- Born: June 12, 1929 Shishmaref, Alaska
- Died: December 2, 2006 (aged 77) Anchorage, Alaska
- Occupation: Musher

= Herbie Nayokpuk =

Inupiaq musher (1929–2006)

Herbie Nayokpuk (June 12, 1929 – December 2, 2006) (Iñupiaq pronunciation of last name: Niiqpaq) nicknamed the "Shishmaref Cannonball", was an Inupiaq musher, known for his cheerful and straight-ahead demeanor.

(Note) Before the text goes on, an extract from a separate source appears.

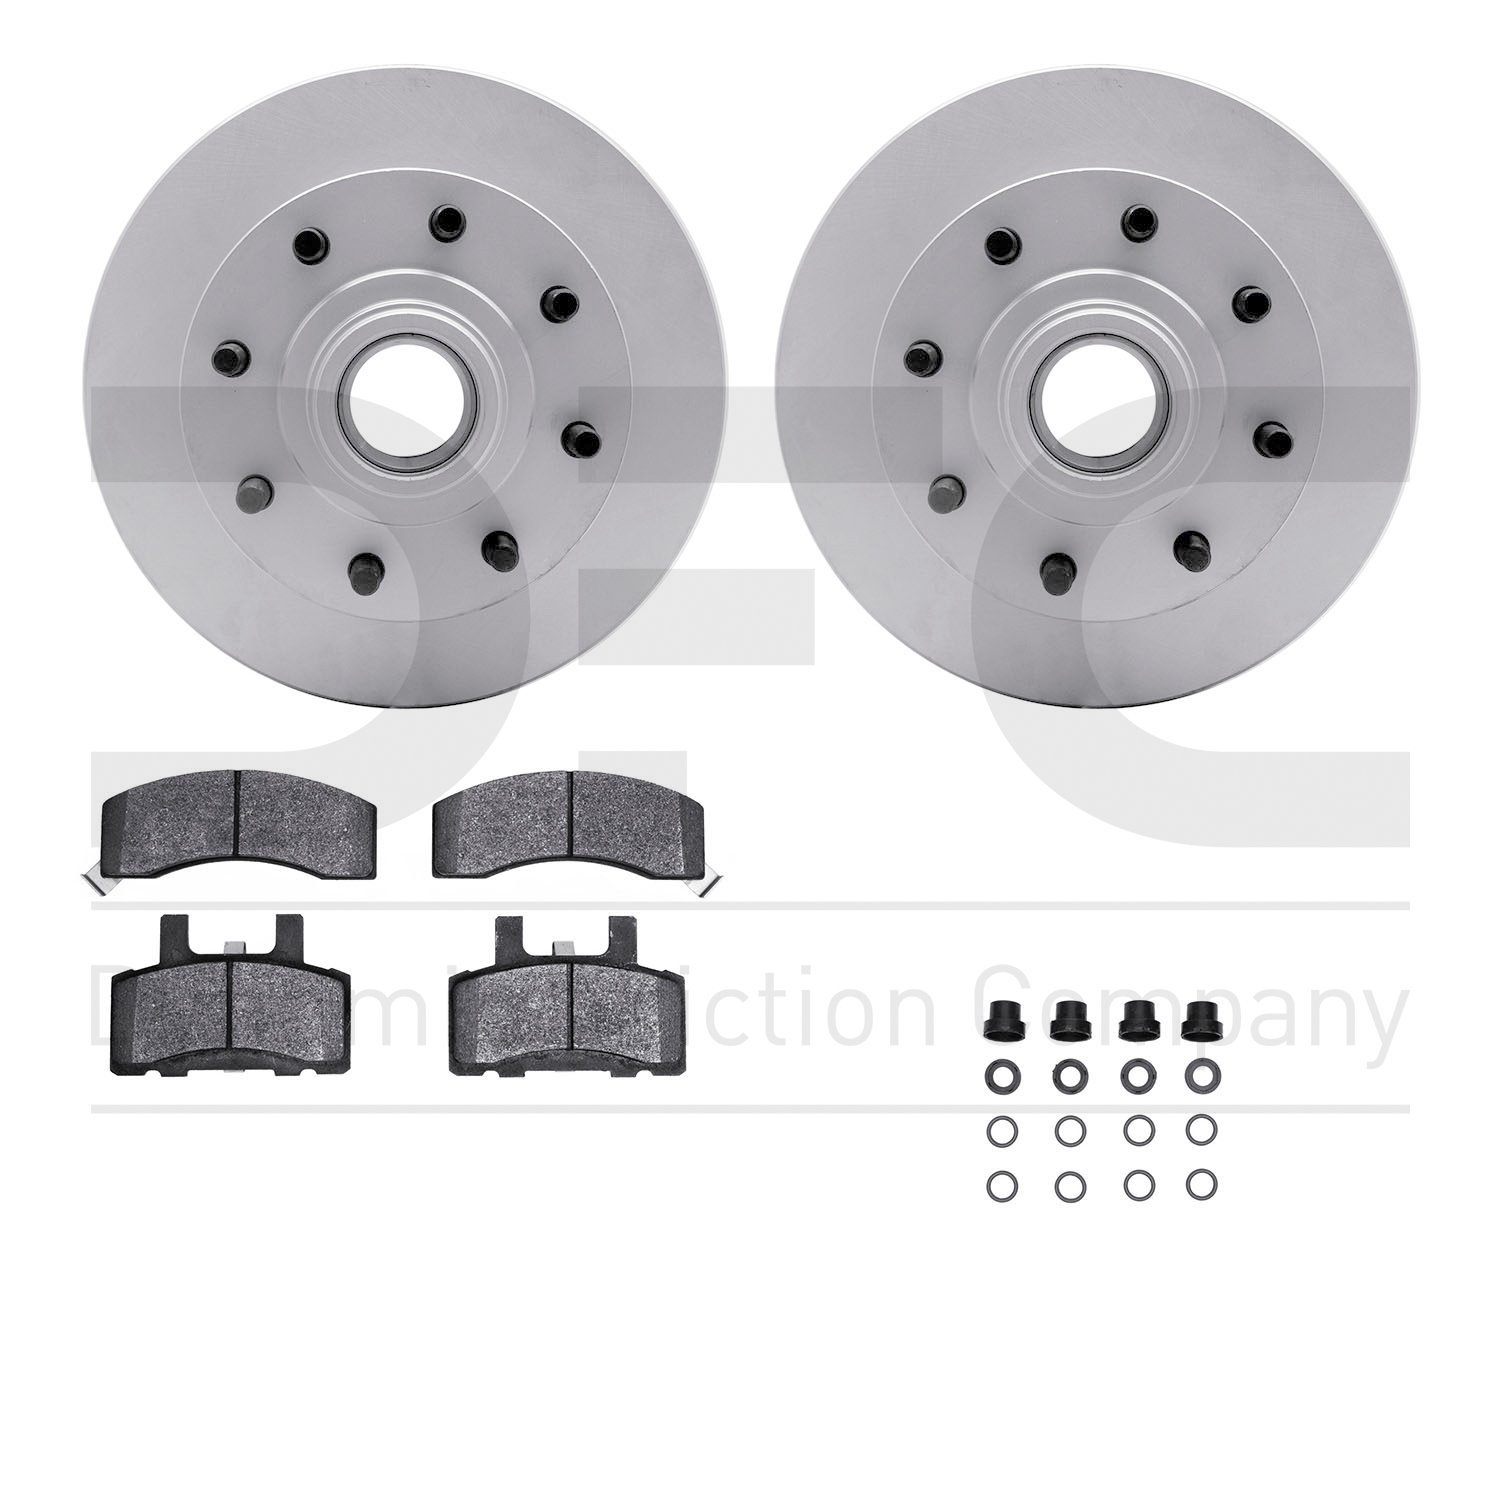 4412-48009 Geospec Brake Rotors with Ultimate-Duty Brake Pads & Hardware, 1992-2002 GM, Position: Front

It is said that "no musher in Iditarod history has been more admired, more respected or better liked than Herbie Nayokpuk".

Iditarod Finishes
| Year | Position | Time |
| 1973 | 5th | 21d 11h 0m 19s |
| 1974 | 3rd | 21d 18h 28m 42s |
| 1975 | 4th | 14d 20h 29m 7s |
| 1979 | Scratched | |
| 1980 | 2nd | 14d 20h 32m 12s |
| 1981 | 7th | 12d 22h 17m 45s |
| 1982 | 7th | 16d 14h 8m 21s |
| 1983 | 4th | 12d 22h 4m 28s |
| 1985 | 8th | 18d 17h 20m 0s |
| 1987 | 25th | 13d 10h 27m 47s |
| 1988 | 6th | 13d 3h 26m 44s |

==Life and career==
Nayokpuk was born in Shishmaref in 1929. He was one of the original mushers to run the Iditarod Trail Sled Dog Race in 1973. He also represented Alaska at the presidential inauguration of Ronald Reagan in 1981. He ended up running the Iditarod 11 times. He never won, but he made some notably daring attempts in extreme weather conditions. He suffered a stroke after one race and competed in another despite having just recovered from a heart attack. He was also an accomplished Inupiaq artist.

==Death and legacy==
Nayokpuk died at the age of 77 at the Alaska Native Medical Center in Anchorage, Alaska, after suffering a massive stroke at his home in mid-November and then lapsing into a coma. He is buried in Shishmaref. Each year since 2007, an Iditarod musher is awarded with the "Herbie Nayokpuk Memorial Award", which goes to the musher "who best epitomizes Herbie Nayokpuk's spirit of mushing the Iditarod".